On November 10, 2020, Apple announced the MacBook Air with an Apple-designed M1 processor, and with the same design as the one introduced in 2018, launched alongside an updated Mac Mini and 13-inch MacBook Pro as the first Macs with Apple's new line of custom ARM-based Apple silicon processors. The device incorporates a fanless design, the first ever on any MacBook. It also adds support for Wi-Fi 6, USB4 / Thunderbolt 3 and Wide color (P3). The M1 MacBook Air can only run one external display, unlike the previous Intel-based model that was capable of running two 4K displays. The FaceTime camera remains 720p but Apple advertises an improved image signal processor for higher quality video.

The M1 MacBook Air received widespread positive reviews, with reviewers praising the extremely fast performance and long battery life.

As of July 2022, Apple sells the MacBook Air M1 starting at $999 USD.

M2 (2022) 

On June 6, 2022, during the 2022 Worldwide Developers Conference (WWDC), Apple announced their second generation processor, called M2, with an improved performance versus the previous M1 processor. The first computer to receive this new chip was a radically redesigned MacBook Air.
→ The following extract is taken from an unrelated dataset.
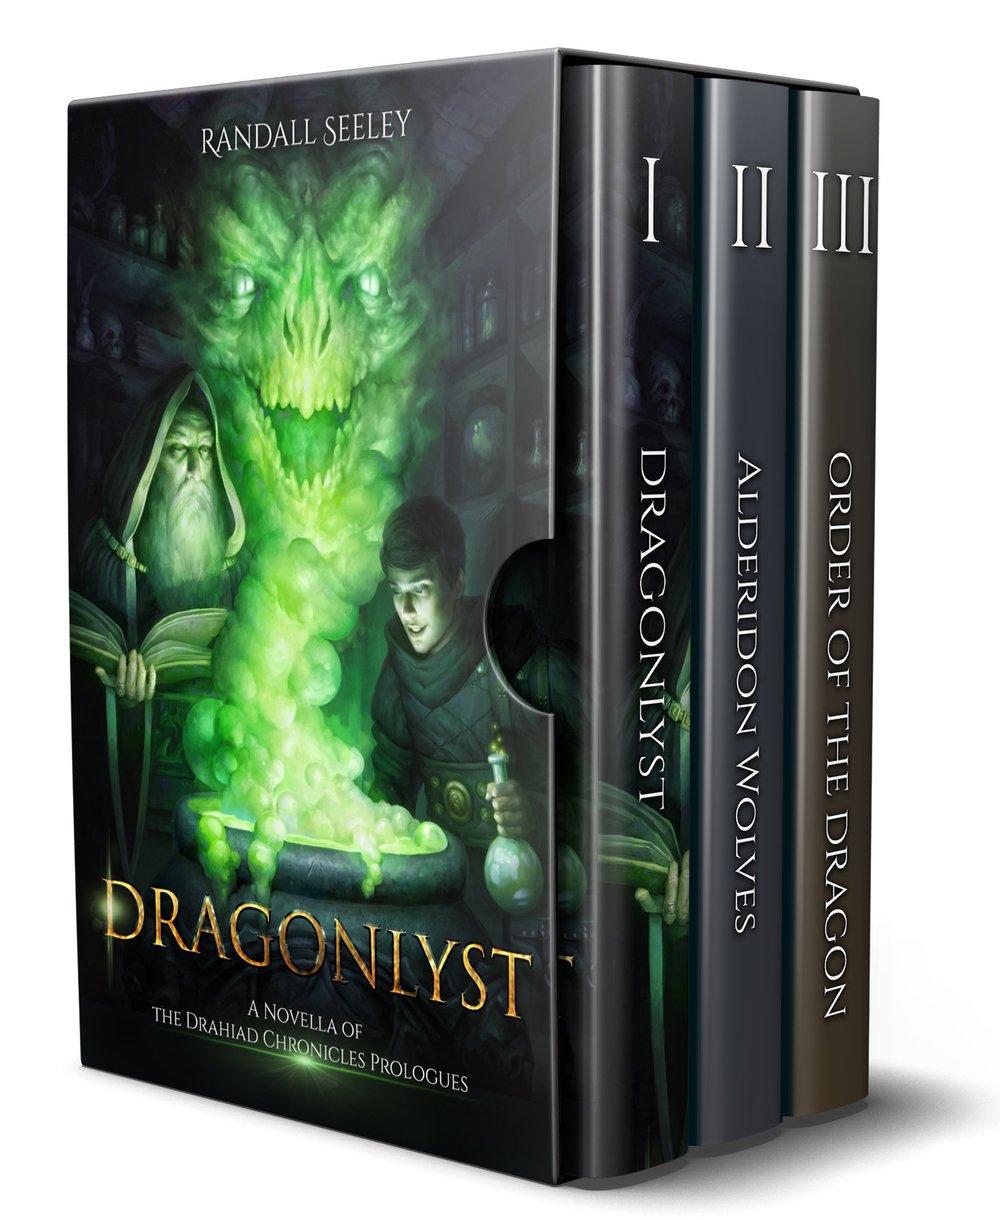 dragonlyst_mockup_3D.jpg
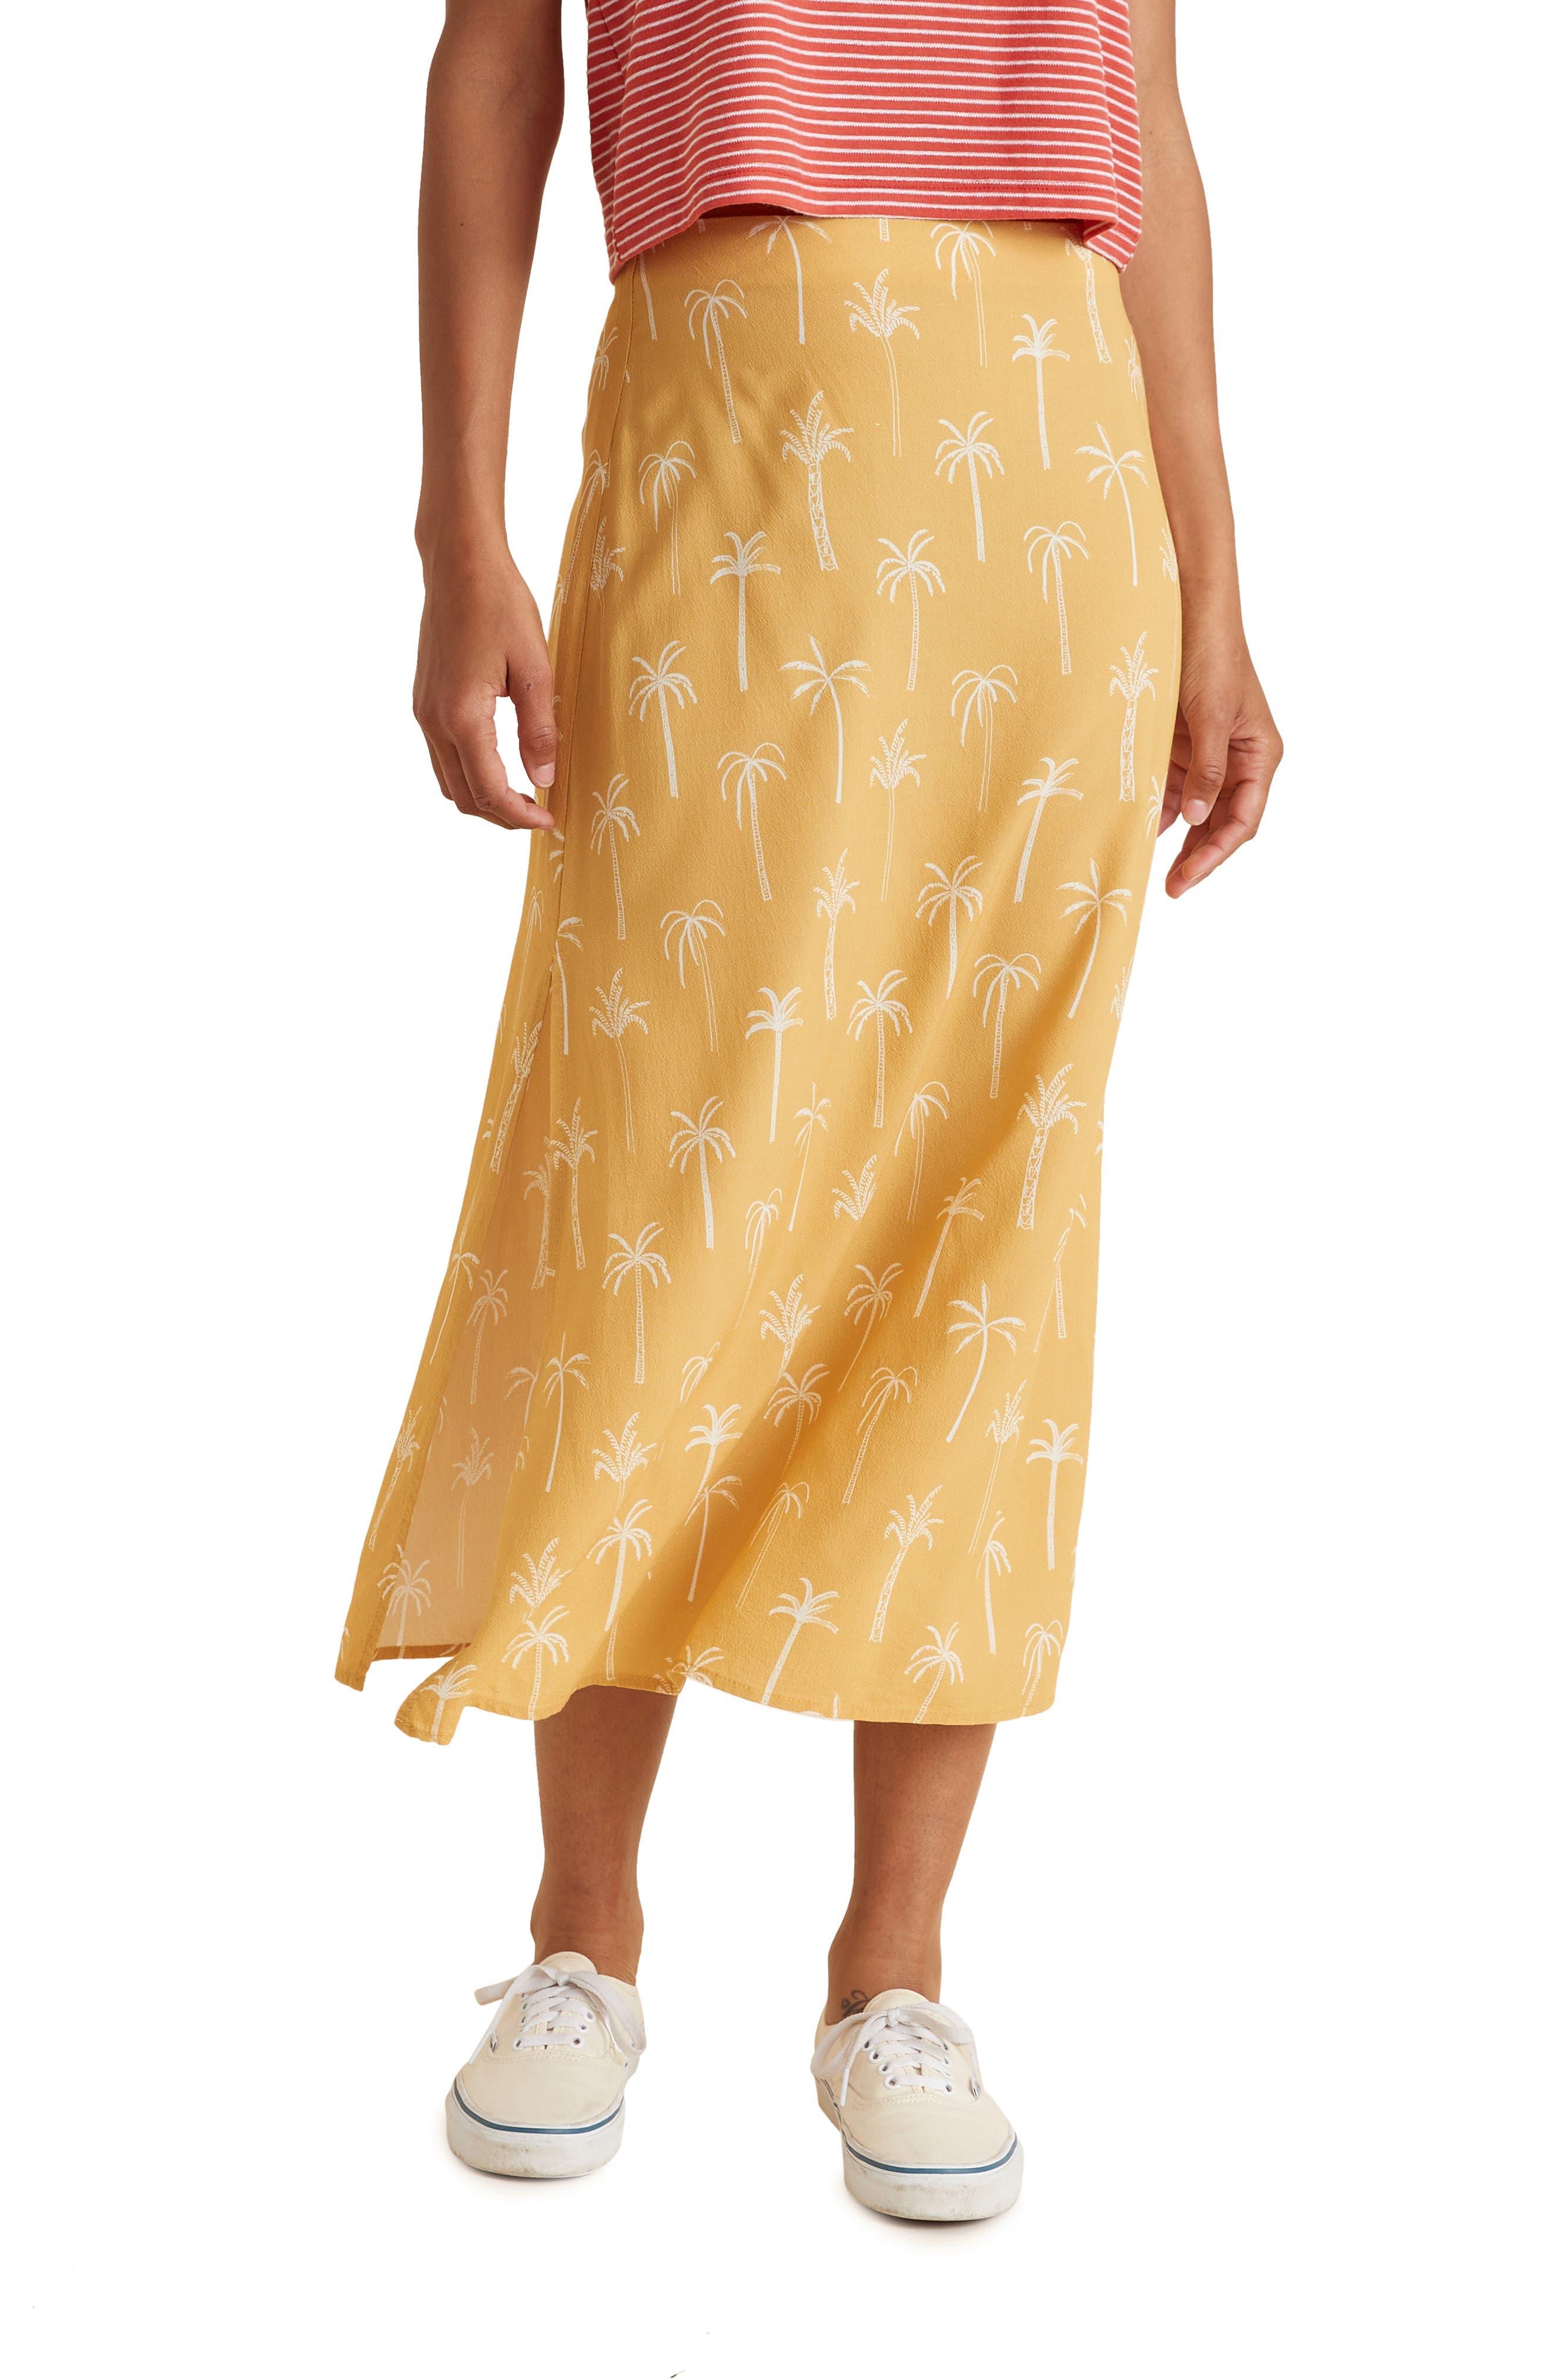 Ryan Palm Print Midi Skirt

This complete redesign features a dramatically thinner, flat design, doing away with the familiar wedge shape chassis that MacBook Air was most known for having. The new MacBook Air takes on hardware design cues from the 14" and 16" MacBook Pro notebooks released on October 26, 2021, such as a thinner, lighter, flat chassis with 20% less volume than the previous MacBook Air. Other features include MagSafe 3, which also supports fast charging up to 50% in 30 minutes with a 67W or greater power adapter, a taller 13.6" Liquid Retina display with 500 nits max brightness (25% brighter than the previous MacBook Air), a 1080p FaceTime Camera, a three-mic array with advanced beam-forming algorithms, a high-impedance headphone jack, four-speaker sound system with Spatial Audio, full height function keys, and a total of four finishes. Silver, Space Gray, Starlight, a silver-champagne color, and Midnight, a dark blue-black color.

As of July 2022, Apple sells the MacBook Air (Flat Unibody) M2 starting at $1199 USD.

Supported operating systems

macOS 
macOS Ventura, the current release of macOS, will work with Wi-Fi and graphics acceleration on unsupported MacBook Air computers with a compatible patch utility.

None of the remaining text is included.